The Argument column contains the name of the clustered index being used and the SEEK:() predicate. The storage engine uses the index to process only those rows that satisfy this SEEK:() predicate. It optionally can include a WHERE:() predicate, which the storage engine evaluates against all rows satisfying the SEEK:() predicate (it does not use indexes to do this).

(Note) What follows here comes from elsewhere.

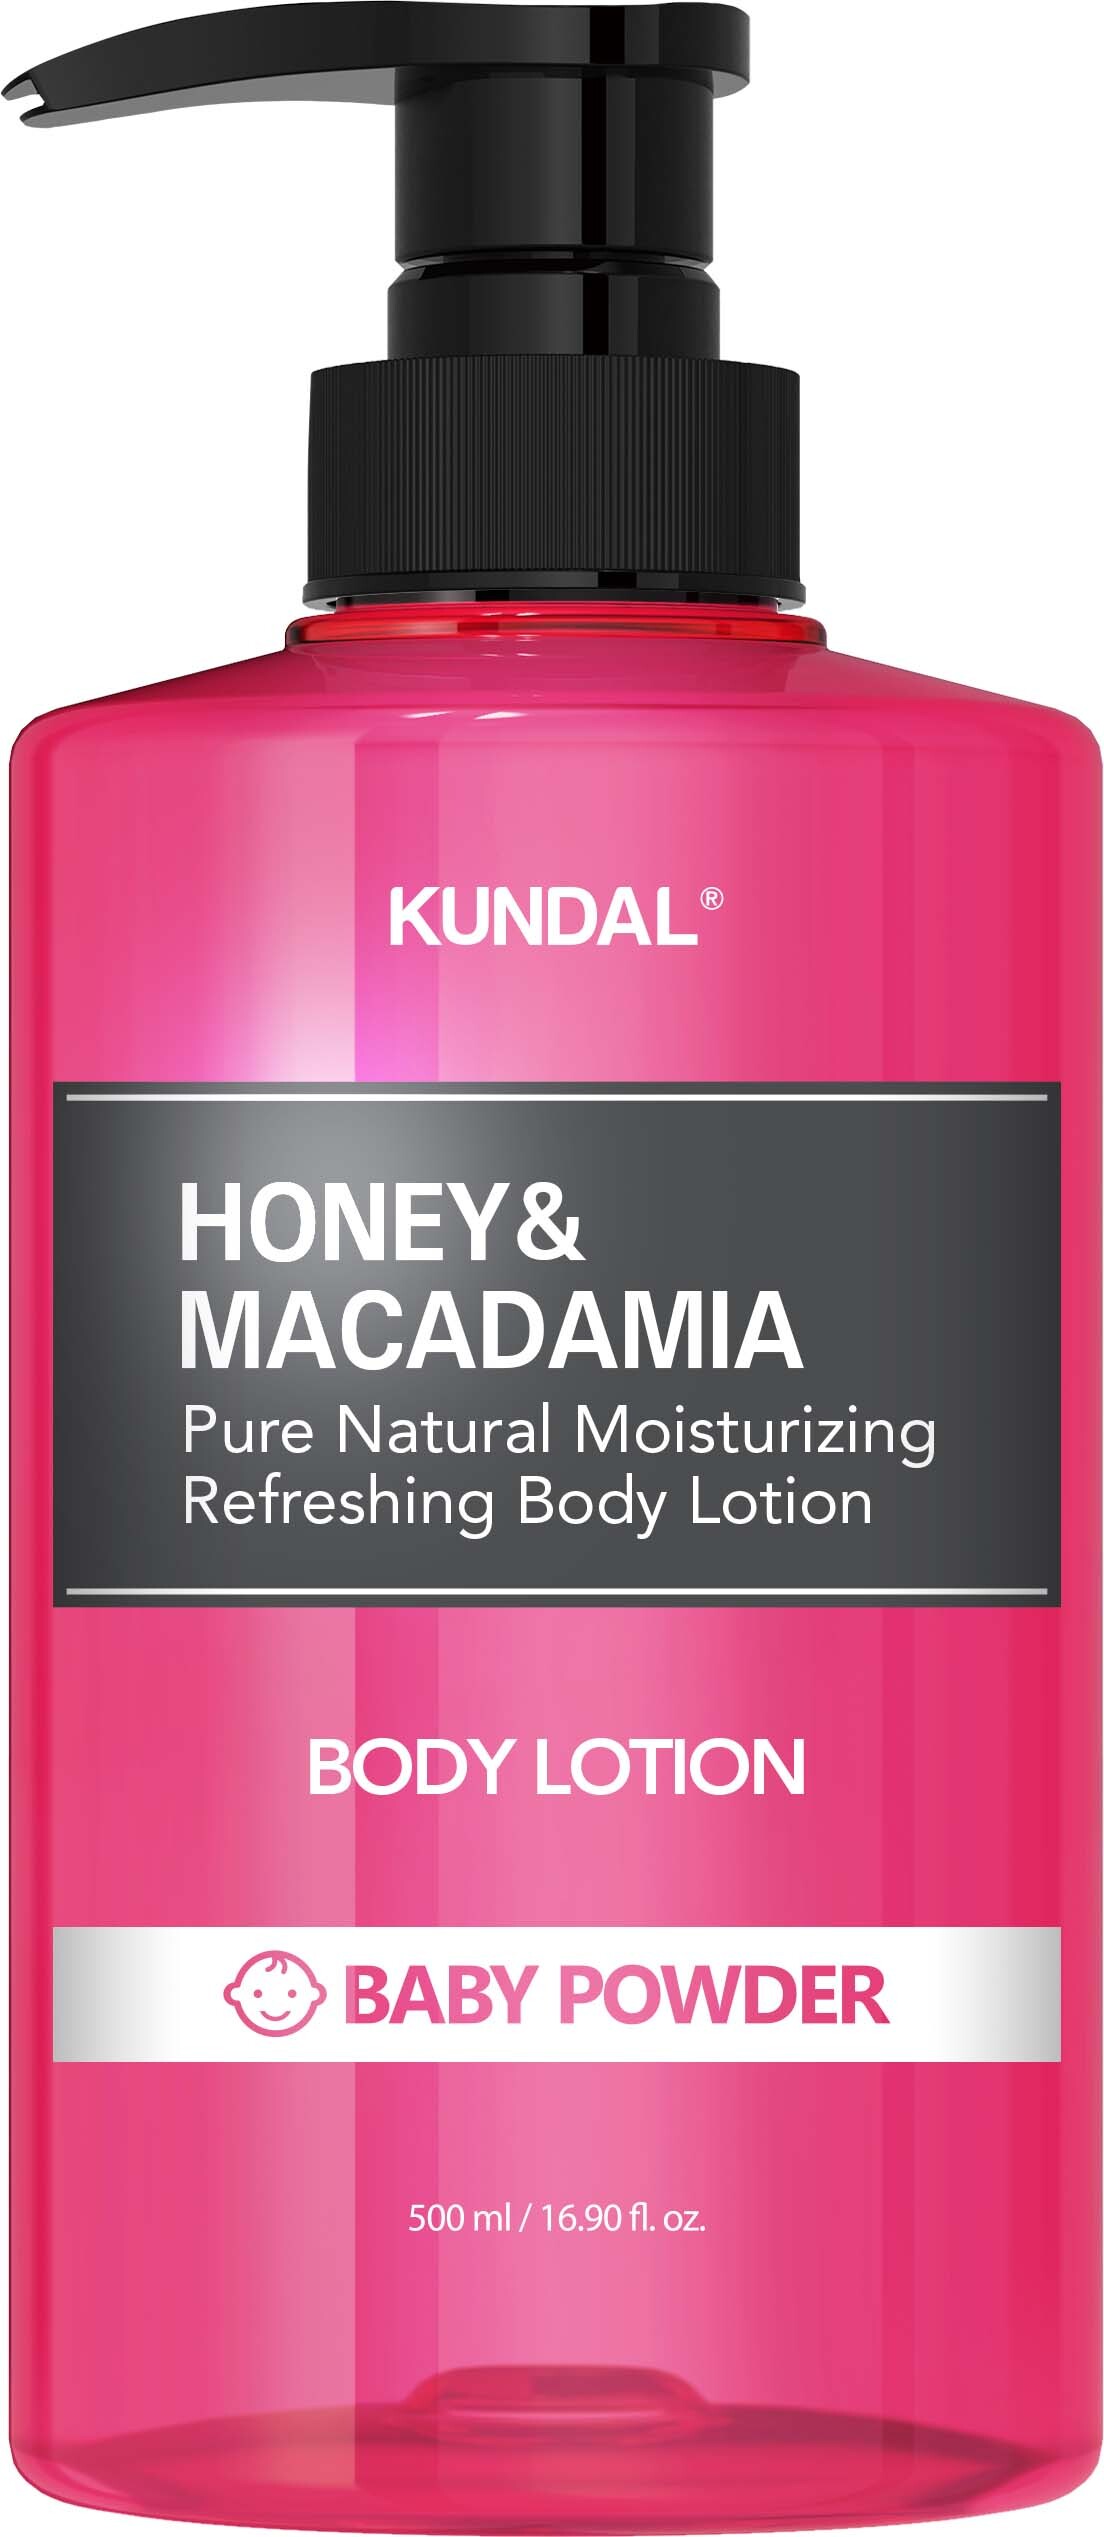 Kundal Honey & Macadamia Pure Body Lotion Baby Powder 500 ml

If the Argument column contains the ORDERED clause, the query processor has determined that the rows must be returned in the order in which the clustered index has sorted them. If the ORDERED clause is not present, the storage engine searches the index in the optimal way (not guaranteeing the output to be sorted). Allowing the output to retain its ordering can be less efficient than producing nonsorted output.

See Also 

In Other Volumes 

"Using Clustered Indexes" in Microsoft SQL Server Database Developer's Companion 

Collapse

The Collapse logical and physical operator optimizes update processing. When an update is performed, it can be split (using the Split operator) into a delete and an insert. If the Argument column contains a GROUP BY:() predicate and a list of key columns being grouped, the query processor groups by the set of key columns to optimize these update operations by removing any temporary, unneeded intermediate changes to each row.

See Also 

In This Volume 

Split

Compute Scalar

The Compute Scalar logical and physical operator evaluates an expression to produce a computed scalar value, which may be returned to the user and/or referenced elsewhere in the query, for example, in a filter predicate or join predicate.

See Also 

In Other Volumes 

"Functions" in Microsoft SQL Server Transact-SQL and Utilities Reference 

Concatenation

The Concatenation logical and physical operator scans multiple inputs, returning each row scanned.

Constant Scan

The Constant Scan logical and physical operator introduces a constant row into a query. It will return either zero or one row, which usually contains no columns. A Compute Scalar operator is often used to add columns to the row produced by a Constant Scan.

See Also 

In This Volume 

Compute Scalar

Cross Join

The Cross Join logical operator joins each row from the first (top) input with each row from the second (bottom) input.

See Also 

In Other Volumes 

"Using Cross Joins" in Microsoft SQL Server Database Developer's Companion 

Delete

The Delete logical operator deletes from an object rows that satisfy the optional predicate in the Argument column.

See Also 

In Other Volumes 

"DELETE" in Microsoft SQL Server Transact-SQL and Utilities Reference 

Deleted Scan

The Deleted Scan logical and physical operator scans the deleted table within a trigger.

See Also 

In Other Volumes 

"Using the Special Inserted and Deleted Tables" in Microsoft SQL Server Database Developer's Companion 

Distinct

The Distinct logical operator scans the input, removing duplicates.

See Also 

In Other Volumes 

"Eliminating Duplicates with DISTINCT" in Microsoft SQL Server Database Developer's Companion 

Distinct Sort

The Distinct Sort logical operator scans the input, removing duplicates and sorting by the columns specified in the DISTINCT ORDER BY:() predicate of the Argument column.

See Also 

In This Volume 

Distinct

In Other Volumes 

"Eliminating Duplicates with DISTINCT" in Microsoft SQL Server Database Developer's Companion 

Distribute Streams

The Distribute Streams logical operator is used only in parallel query plans. The Distribute Streams operator consumes a single input stream of records and produces multiple output streams. The record contents and format are not changed. Each record from the input stream appears in one of the output streams. This operator automatically preserves the relative order of the input records in the output streams. Usually, hashing is used to decide to which output stream a particular input record belongs.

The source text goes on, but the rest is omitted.